Well at least not this week anyways. I wish someone could give me a great reason to move.
I’ve really been working hard trying to figure why anyone would want to move from Textmate back to
Emacs or Vim (or anything else for that matter, but those two are the ones I hear about the most). Textmate is one of those things I really enjoyed when I made Mac OS X my full time development environment back in early 2006. As an editor, it was easy to use and extend, and it was fairly pretty to boot. Plus, back in the early days, updates were coming out like crazy, and it seemed inevitable that Textmate would morph into the greatest editor ever.
Now we fast forward to late 2008, and I’m still using Textmate. I have my issues with it, but it is still that great configurable editor I found back in 2006. I guess that is the gift and the curse. It’s pretty much the same editor I was using back in 2006.
I thought I would I try to understand why people wanted to move.
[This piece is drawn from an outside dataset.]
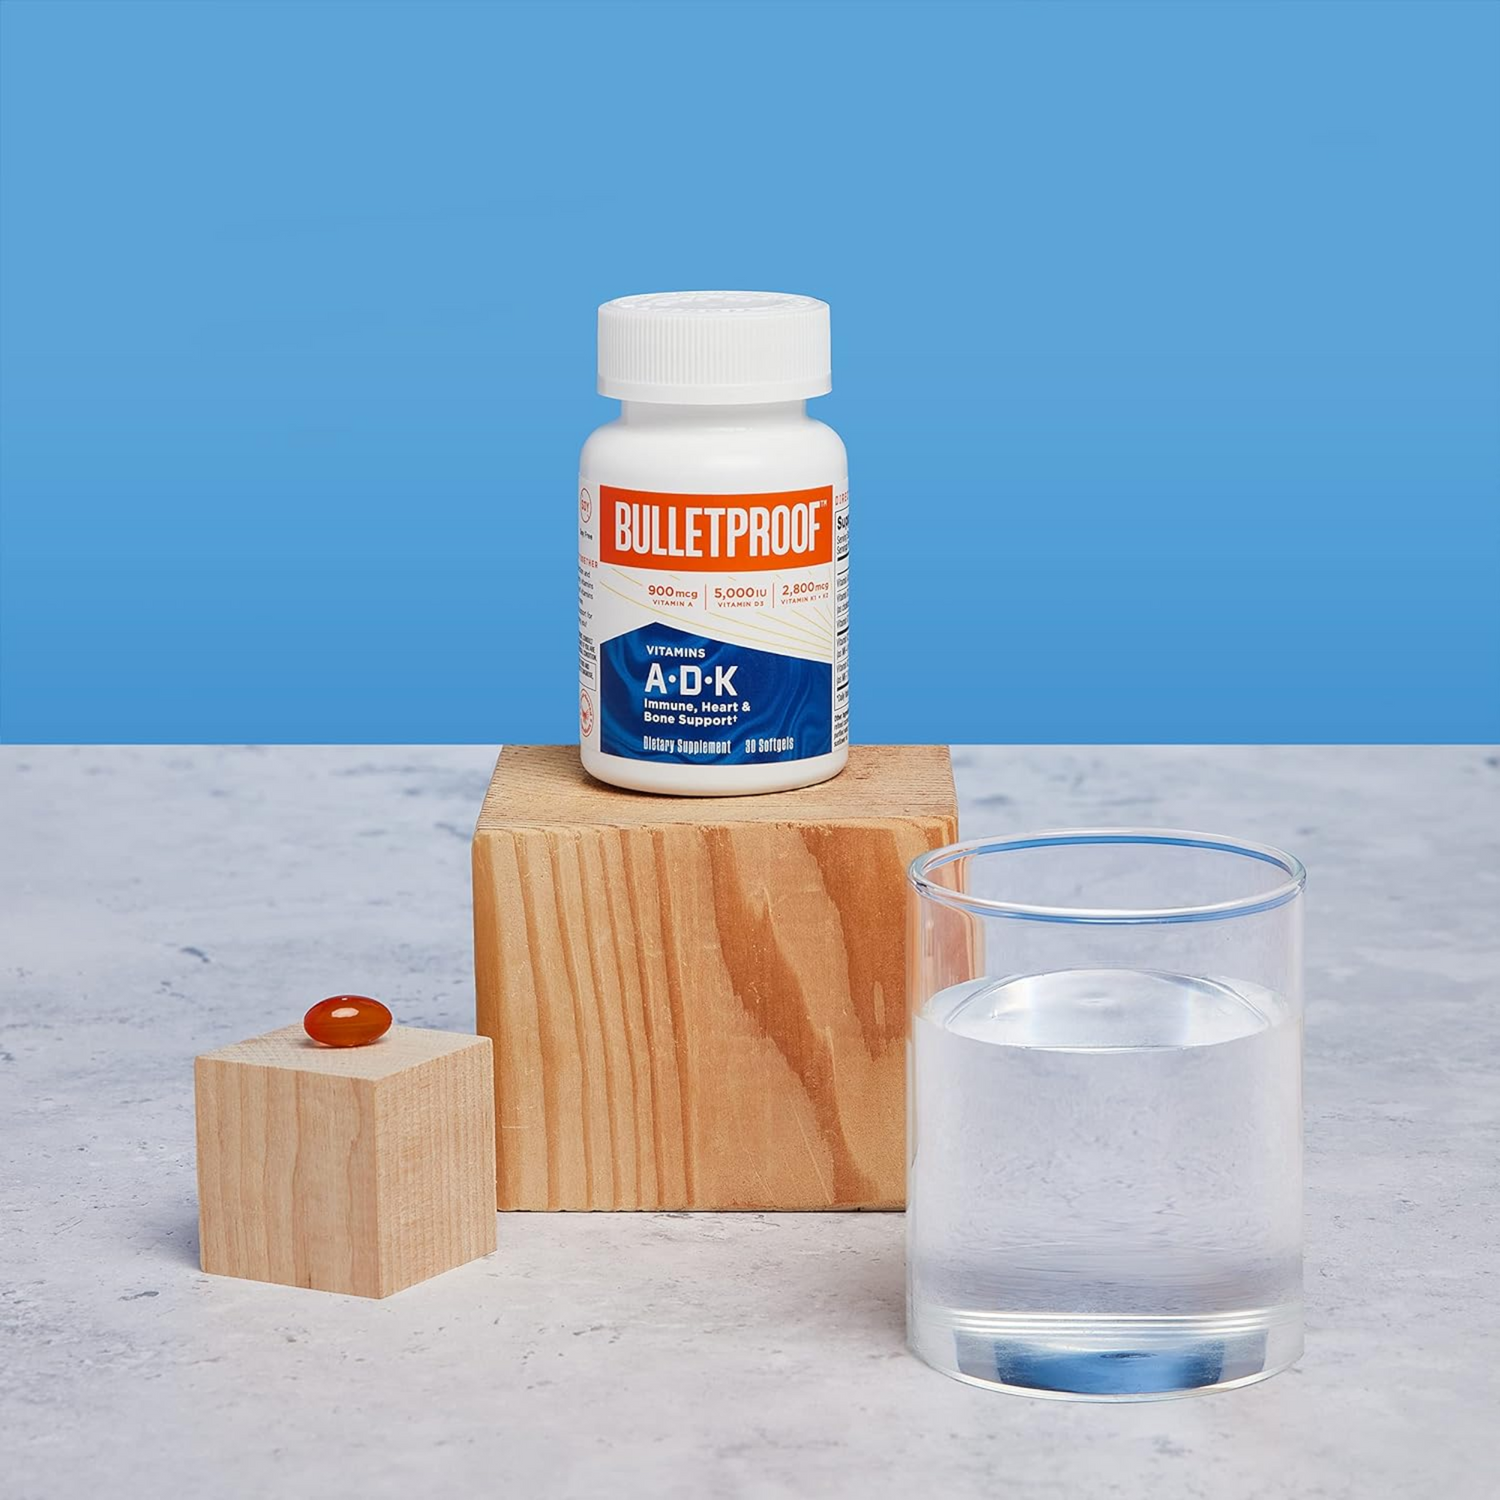 Bulletproof Vitamins A-D-K, 30 CT

I have some sneaking suspicions, but are those nuances really annoying enough for me to move back to Vim or Emacs?
Let’s start with my number one problem with Textmate: no split windows! This bugs the hell out of me. At least five times a day, I can think of some task that would have been way easier to accomplish if I had the ability to do split screen and work on the same file in multiple locations, or even edit two files side by side or top to bottom. I’ll admit, the search for split windows has made me want to move on multiple occasions.
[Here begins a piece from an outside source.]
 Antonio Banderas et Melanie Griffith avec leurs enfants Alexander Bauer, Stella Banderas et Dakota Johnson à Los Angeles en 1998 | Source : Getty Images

What other problems do I have with Textmate?
The project search is terrible. The good thing is that this is easily fixed by installing the “Ack In Project” plugin or one of the others which make searching much quicker.
Textmate chokes on large files. I’ve trained myself to not click on files I know to be large. This is a nuance, but nothing to make me rant and rave. Textmate also chokes on large projects.
Extending Textmate isn’t very obvious. At least at first it isn’t. The work that is happening on the dialog plugin is interesting at least, and a taste of what is to come might be demonstrated in the “GetBundles” plugin. The problem is you can’t extend it down to level of adding split windows or anything like that.
So, why haven’t I moved yet? The answer is simple. Both Vim and Emacs offer great solutions to some of the individual problems I have, but neither offer a total solution (that is easy to cobble together at least), and neither of them look as good as Textmate out of the box.
The previous answer was just too easy. I can really give you some concrete examples of what is wrong with Emacs and Vim as well.
Let’s start with Emacs:
Emacs is complex. Extremely complex. And to configure it correctly, you have to learn Lisp. Lisp is interesting in its own right, but I want to be able to configure my editor in the language of my choosing, and one of the nice things about Textmate is that it allows me to do that.
Emacs looks like dog poop out of the box. (on the Mac at least) The AquaMacs project has taken some steps in fixing these problems, but it isn’t there. I actually prefer Carbon Emacs, and it looks like total crap on the Mac. Some concessions must be made due to the fact that Emacs wasn’t written for the Mac, and it works on a myriad of platforms the same way.
There are some people out there trying to ease the transition into Emacs a bit. Phil Hagelberg is doing some cool stuff with his emacs starter kit, and if the rumors are true, I believe he is working with Peepcode as well. Chris Wanstrath has released Textmate.el. At first these projects seem real cool (and they are. i’m definitely glad these guys are there releasing these extremely cool codes for free), but in my mind it seems like the mob’s mindset is to move away from Textmate while keeping Textmate’s features. Pragmatic Bryan just figures that he would stick with Textmate, and have less to learn.
Emacs has really weird key combinations. To tell you the truth, after a while, you get used to them. But just starting out, you’ll wonder if you are just setting yourself up for early case of carpal tunnel.
Now on to Vim:
Vim is great. I actually use it every day. But not every often to do heavy coding. My problem with Vim is that it feels like a 1000 piece jigsaw puzzle. Sure, you can put the middle together and see the picture, but it isn’t complete, and will take you a long time to make it complete.
As with Textmate, Vim requires you to learn a language to configure it. I’m not down with that.
Vim is cryptic. Cryptic is cool when you have awesome finger memory.
I’m sure I have more, but this rant is about something positive. I’m not bashing Emacs and Vim.
Now on to a lesson I would like to share with everyone. It is something I learned a long time ago. I’m sure I read it somewhere like the Pragmatic Programmer or something, but I’m not sure:
The evolution of a person from neophyte to mastery of development of some programming technology isn’t just dependent on how well you know the language. Or even in many cases how you apply the language. The great developers (at least the ones I’ve met) are truly one with their editor (or IDE).